Mandiant: Heartbleed Leads to AttackAttackers Exploited Flaw One Day After Its Disclosure
Within one day of the disclosure of the flaw known as Heartbleed, an attacker posing as an authorized user tunneled into the computer system of a major corporation, exploiting the vulnerability in the OpenSSL protocol, the breach detection firm Mandiant says.
See Also: Key Cybercrime Trends in 2016
The April 18 announcement from Mandiant follows reports of at least two other breaches tied to Heartbleed. Canadian authorities arrested a teenager this week for his alleged role in exploiting the vulnerability to steal data from the Canada Revenue Agency website. And in the UK, the website Mumsnet forced all of its users to change their passwords after it discovered that a cyber-attacker had taken advantage of the Heartbleed bug to access data from users' accounts.
Heartbleed exposes a flaw in OpenSSL, a cryptographic tool that provides communication security and privacy over the Internet for applications such as e-mail, instant messaging and some VPNs (see Heartbleed Bug: What You Need to Know).
A Mandiant blog reports that beginning on April 8, the day after the flaw was revealed, an attacker leveraged the Heartbleed vulnerability against a virtual private network appliance at one of the vendor's corporate clients and repeatedly sent malformed "heartbeat" requests to the secure Web server running on the VPN device, which used a vulnerable version of OpenSSL. That enabled the attacker to obtain active session tokens for authenticated users.

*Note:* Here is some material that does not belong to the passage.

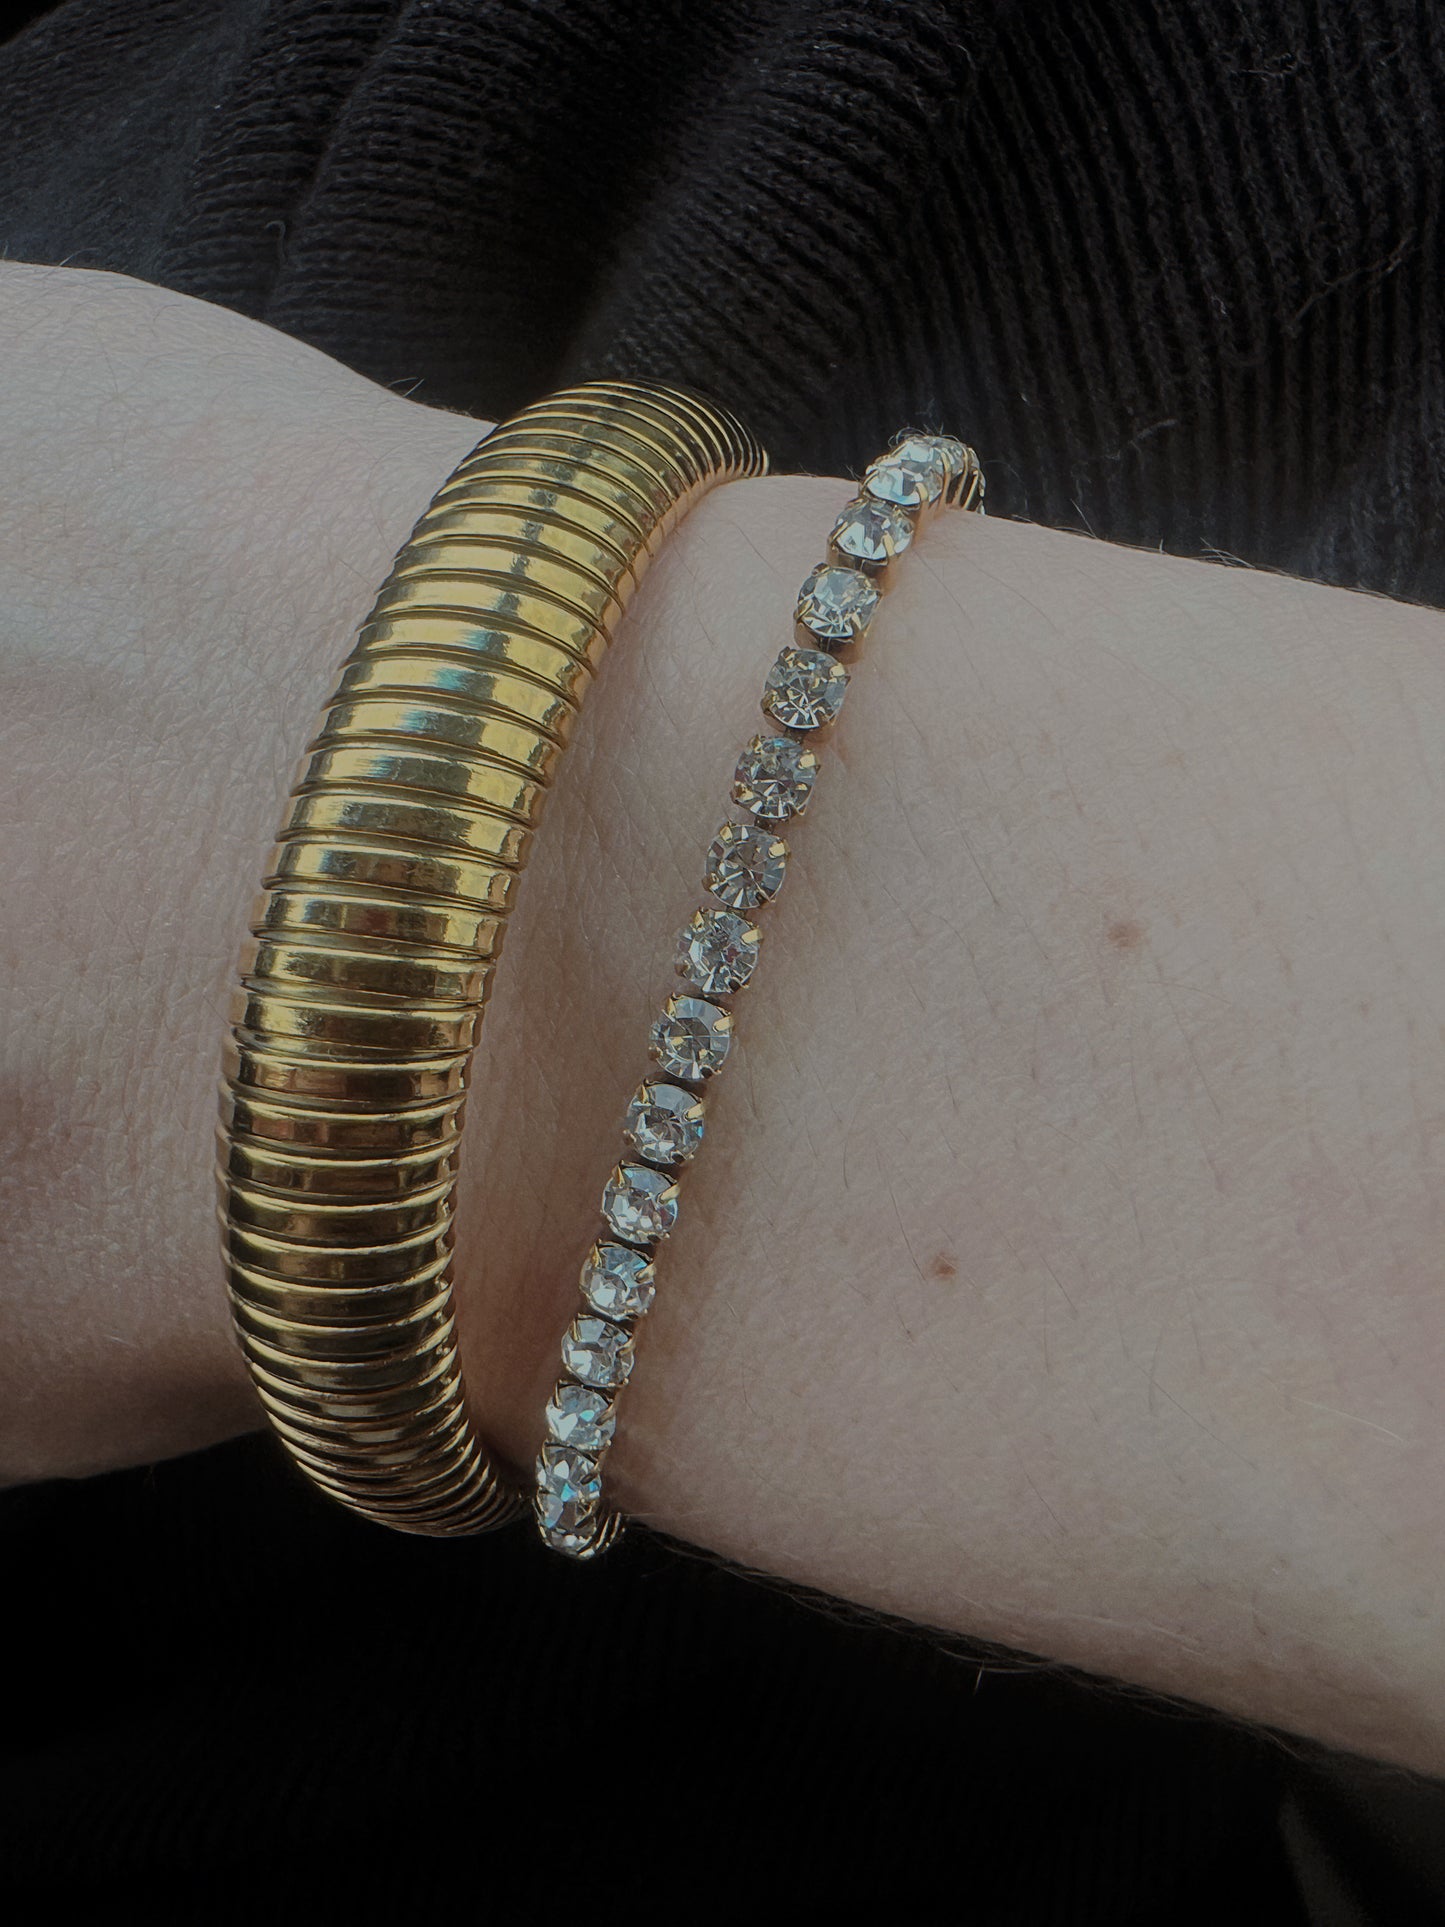 Adjustable tennis bracelet (gold and silver)

A heartbeat implementation verifies that a connection remains open by sending an arbitrary message and receiving a response to it.
A Mandiant spokeswoman declined to identify the breached corporation. She says the assailant or assailants tried about 1,000 times before successfully capturing passwords to commandeer user sessions by exploiting the flaw.
Bypassing Multifactor Authentication
"With an active session token, the attacker successfully hijacked multiple active user sessions and convinced the VPN concentrator that he/she was legitimately authenticated," according to the Mandiant blog.
Researchers at Mandiant say the attack bypassed the corporation's multi-factor authentication as well as the VPN client software used to validate that systems connecting to the VPN are owned by the corporation and running specific security software.
Mandiant says it identified and confirmed the exploit method by analyzing intrusion detection system signatures and VPN logs. The victim organization implemented a set of signatures to identify Heartbleed network activity. The intrusion detection system presented more than 17,000 alerts during the intrusion. The source of the heartbeat response was the organization's internal secure sockets layer VPN device, the breach detection vendor says.